The disparity for every pixel location p can be determined by maximizing Equation (2), which yields the disparity map as:

D (p) = \underset{d}{arg max} (C (d)),

(7)

Figure 9 shows the disparity comparison with single-feature-based CCNG and the disparity improvement by the adaptive weight coefficient. Comparing Figure 9a,b, the proposed method shows an apparent improvement over the single-feature-based CCNG in the flat regions. Comparing Figure 9b,c, the adaptive weight strategy can further reduce the disparity error in the flat regions and lead to a finer disparity boundary according to the object shape.

3.3. Registration and Refinement

Given the disparity prior, cross-channel image registration is performed by generating a new reference channel that is aligned with two target channels. Firstly, generate the initially aligned reference channel using estimated disparity map. Secondly, the CMM is generated to refine each local segment of the image. More details of each step are described below.

The input reference channel is initially aligned by pixel-wise shifting according to the estimated disparity map, as shown in Figure 10a. The initially aligned reference channel has missing pixels at some regions with occlusion, periodic texture and insufficient salient features. To refine the registration, one target channel

T_{1}

is divided into segments, as shown in Figure 10b using SLIC superpixels [16], where the segmentation boundaries are applied to another target channel

T_{2}

and initial aligned reference channel R, as shown in Figure 10c. Since most pixels in the same segment have a similar color, the missing intensity values of R can be recovered using pixels that belong to the same segment.

We propose a color mapping strategy by generating the CMM that represents the cross-channel intensity relationship of the segment. The CMM is generated using the following equation:

H_{m} (T_{1} (x, y), T_{2} (x, y)) = R_{m} (x, y), i f R_{m} (x, y) \neq 0,

(8)

where

m \in [1, M]

represents the segment index, M the total number of segments in the image and

(x, y)

the spatial coordinates in the m-th segment. Only pixels whose reference channel correspondence exists are chosen to structure the CMM. As shown in Figure 10d, intensity values of two target channels, denoted as

T_{1} (x, y)

and

T_{2} (x, y)

, indicate the CMM index, and CMM value

H_{m} (T_{1} (x, y), T_{2} (x, y))

is assigned by the m-th initially aligned reference channel’s intensity value

R_{m} (x, y)

Given the CMM, the reference channel is enhanced using the following equation:

{\hat{R}}_{m} (x, y) = \{\begin{matrix} H_{m} (T_{1} (x, y), T_{2} (x, y)), i f R_{m} (x, y) = 0 \\ R_{m} (x, y), o t h e r w i s e \end{matrix},

(9)

where

{\hat{R}}_{m}

represents the m-th segment of the enhanced reference channel

\hat{R}

. Missing pixels in R are recovered by the CMM value with the target channel’s intensity according to the corresponding matrix index.

Figure 11a shows the result of color registration with the initial aligned reference channel.

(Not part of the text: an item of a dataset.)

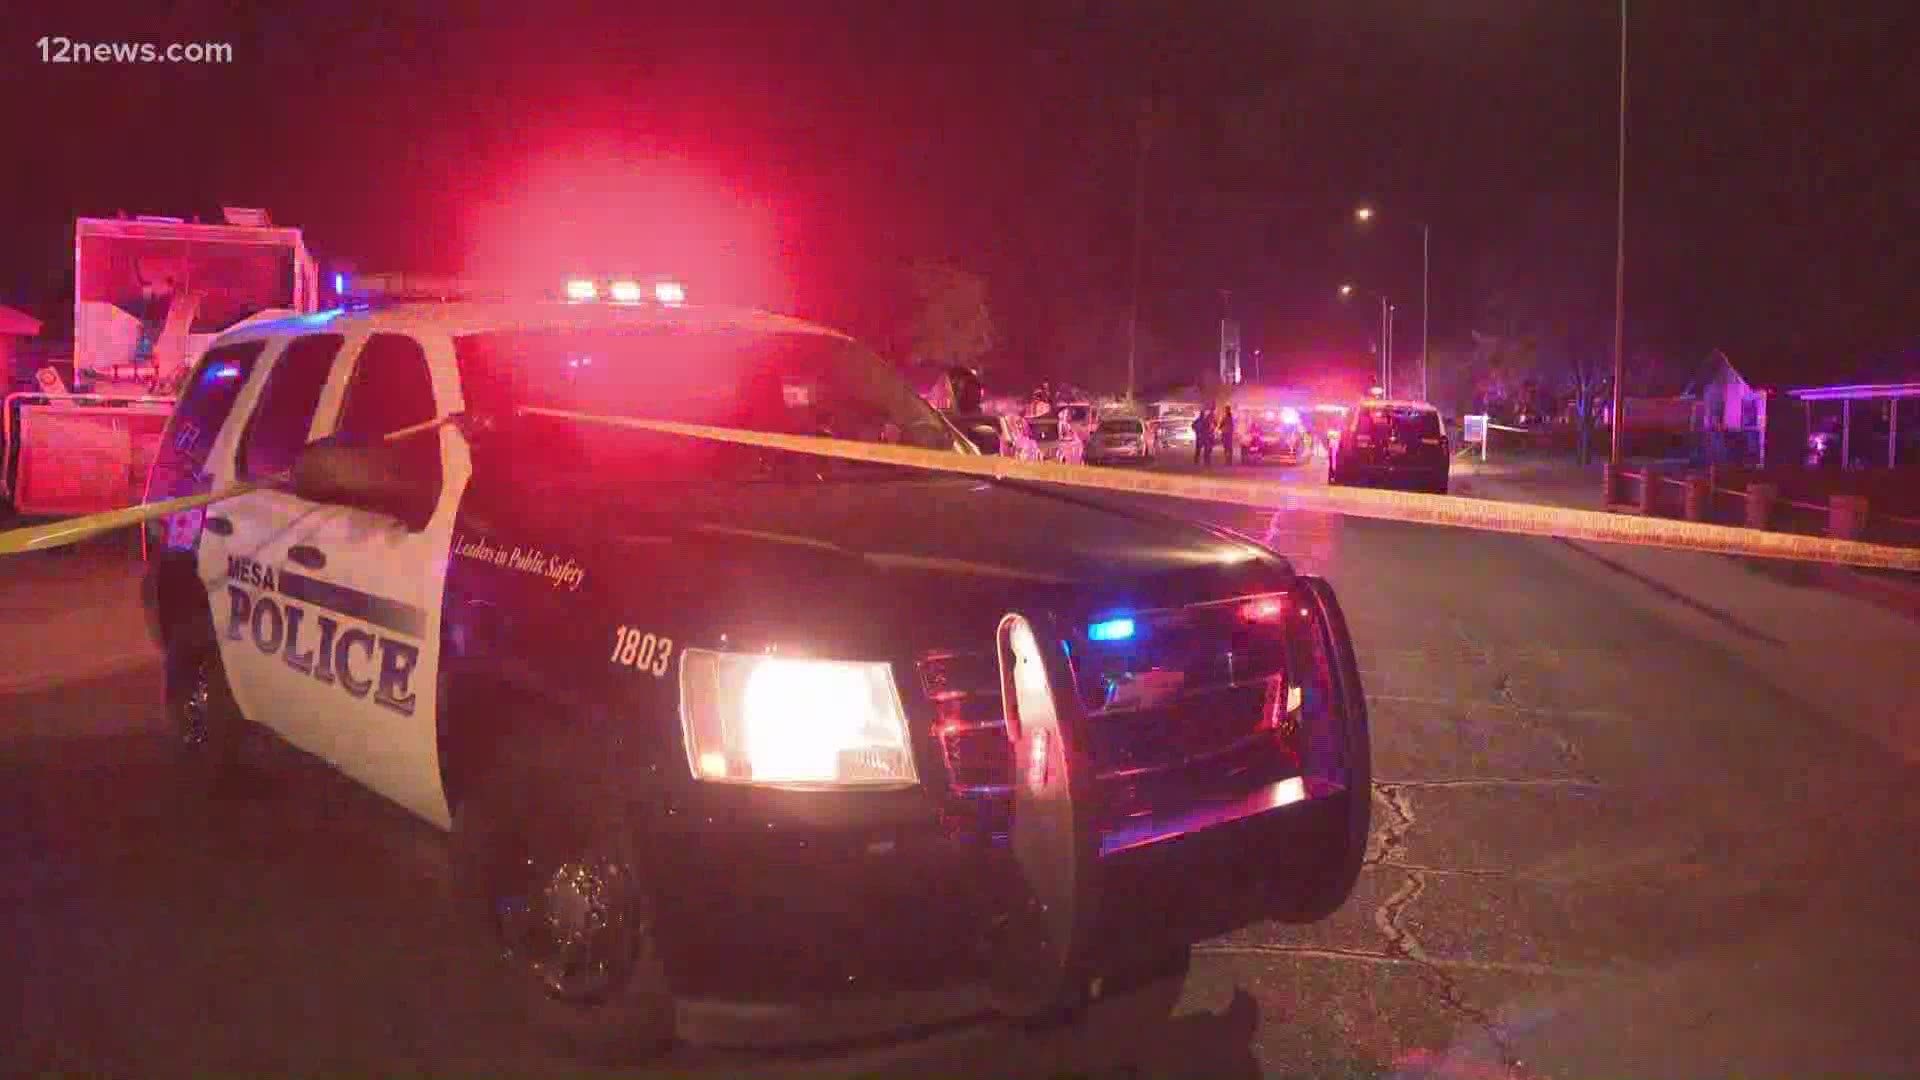 One person was injured and two others were killed in a shooting incident in Mesa on Saturday night.

By comparing with Figure 11b, the small-scale missing pixels of the red box were well recovered, which was caused by the disparity error. However, the large-scale missing pixels, shown in green and blue boxes, were not completely recovered. The missing pixels observed at the two boxes were caused by occlusion between the cross-channel stereo image. The large chunk of missing pixels in the initially aligned reference channel make the CMM unreliable. To solve this problem, a simple matrix filling strategy is applied. Figure 11c shows the enhanced cross-channel color registration result.

Figure 12 visualizes matrices to explain the registration enhancement process. Figure 12a shows the CMM using the Cartesian coordinate generated from the image block where missing pixels exist. The yellow dots represent the local points where value exists in the matrix. According to Equation (8), the x and y axes of the coordinate represent the intensity value. The outfit of visualized CMM looks similar to the 2D histogram of

T_{1}

and

T_{2}

. However, the CMM has only values of aligned R without missing pixels, as shown in Figure 12a. Therefore, the values for missing pixels are shown in Figure 12b by extracting points existing only in the 2D histogram.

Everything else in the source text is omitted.